P021A5bAprès un jour et une nuit d’une folle course,presque ininterrompue, Shira était consciente que le cheval fourbu ne pourrait pas continuer beaucoup plus loin sans repos. Il fallait trouver un relais de poste pour l’échanger ou s’en procurer un autre.
Mais personne ne voulut des bijoux que proposait la jeune femme; ils étaient de provenance douteuse et tout le monde connaissait Shira comme étant une des femmes du chef des brigands et chacun avait peur de ne pouvoir les renégocier. Le cheval était marqué, donc inachetable et inéchangeable.

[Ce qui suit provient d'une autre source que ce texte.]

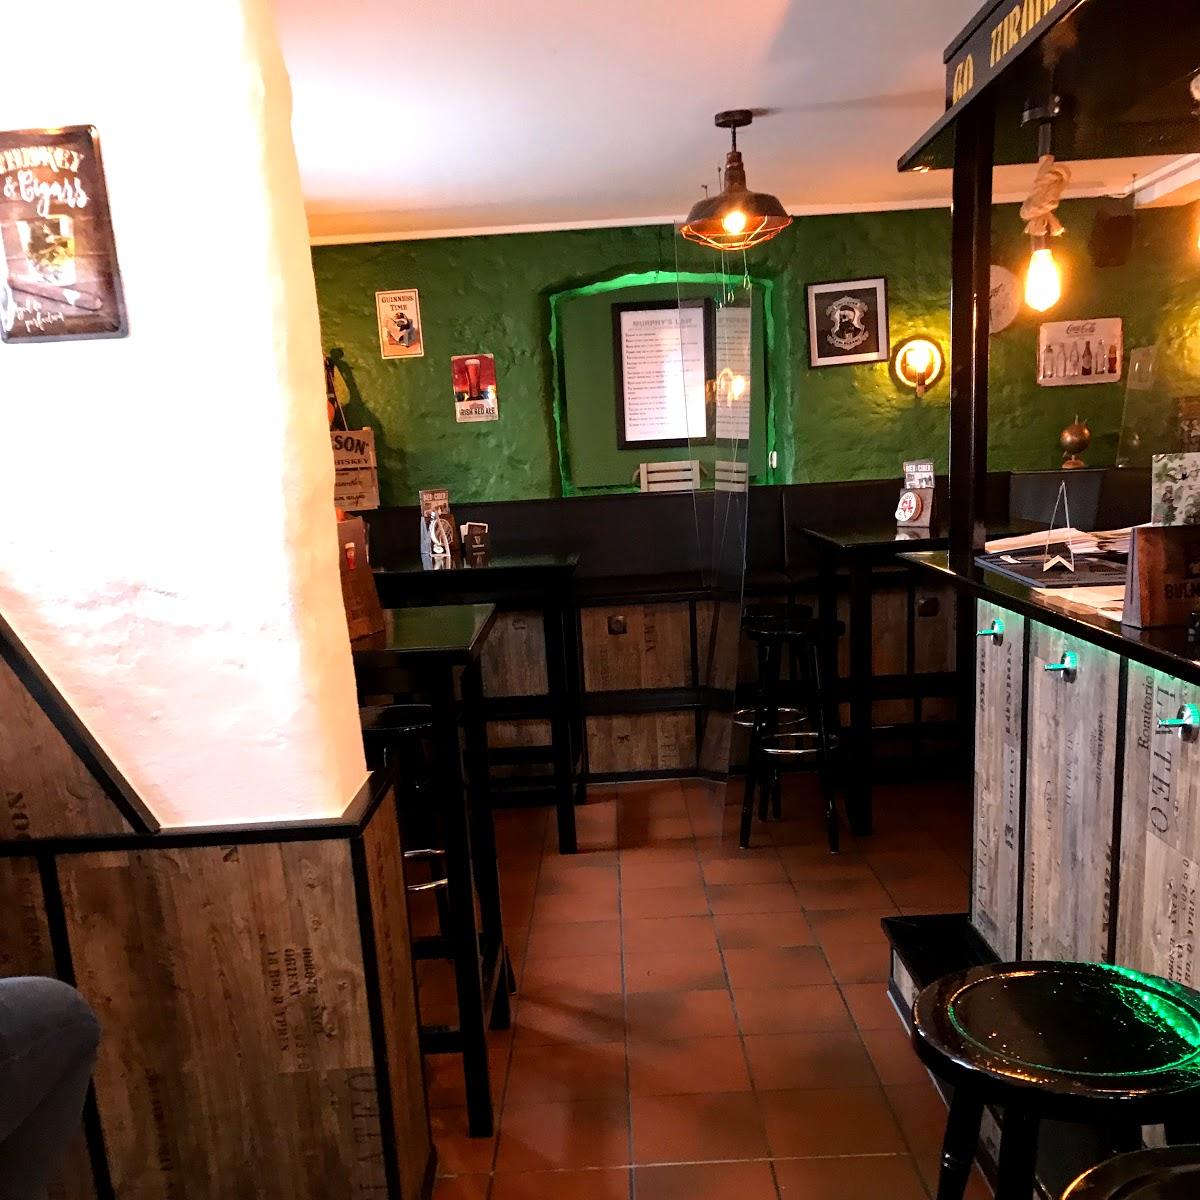 Restaurant "Murphys Law Irish Pub" in Cham

Alors Julien eut un moment de désespoir. Les chagrins et les soucis s’amoncelèrent dans son âme. Il eut l’impression qu’il n’en finirait jamais des épreuves et il se mit à se remémorer tous les malheurs survenus depuis le lancement du concours. Il fallut toute la détermination de Shira pour qu’ils poursuivent.Ils décidèrent en effet de ne pas s’arrêter, descendirent de cheval et marchèrent ensemble jusqu’à ce que les ténèbres les  enveloppent. Il restait un jour pour parvenir avant la clôture du concours. Il ne fallait pas traîner des pieds, surtout avec un cheval fatigué qu’ils devaient presque tirer pour qu’il avance. C’était au delà de la fatigue. Ils étaient au bord de l’épuisement. Chaque cicatrice rappelait à Julien ses souffrances et ses nerfs se rallumaient, comme excités par un surcroît de fatigue.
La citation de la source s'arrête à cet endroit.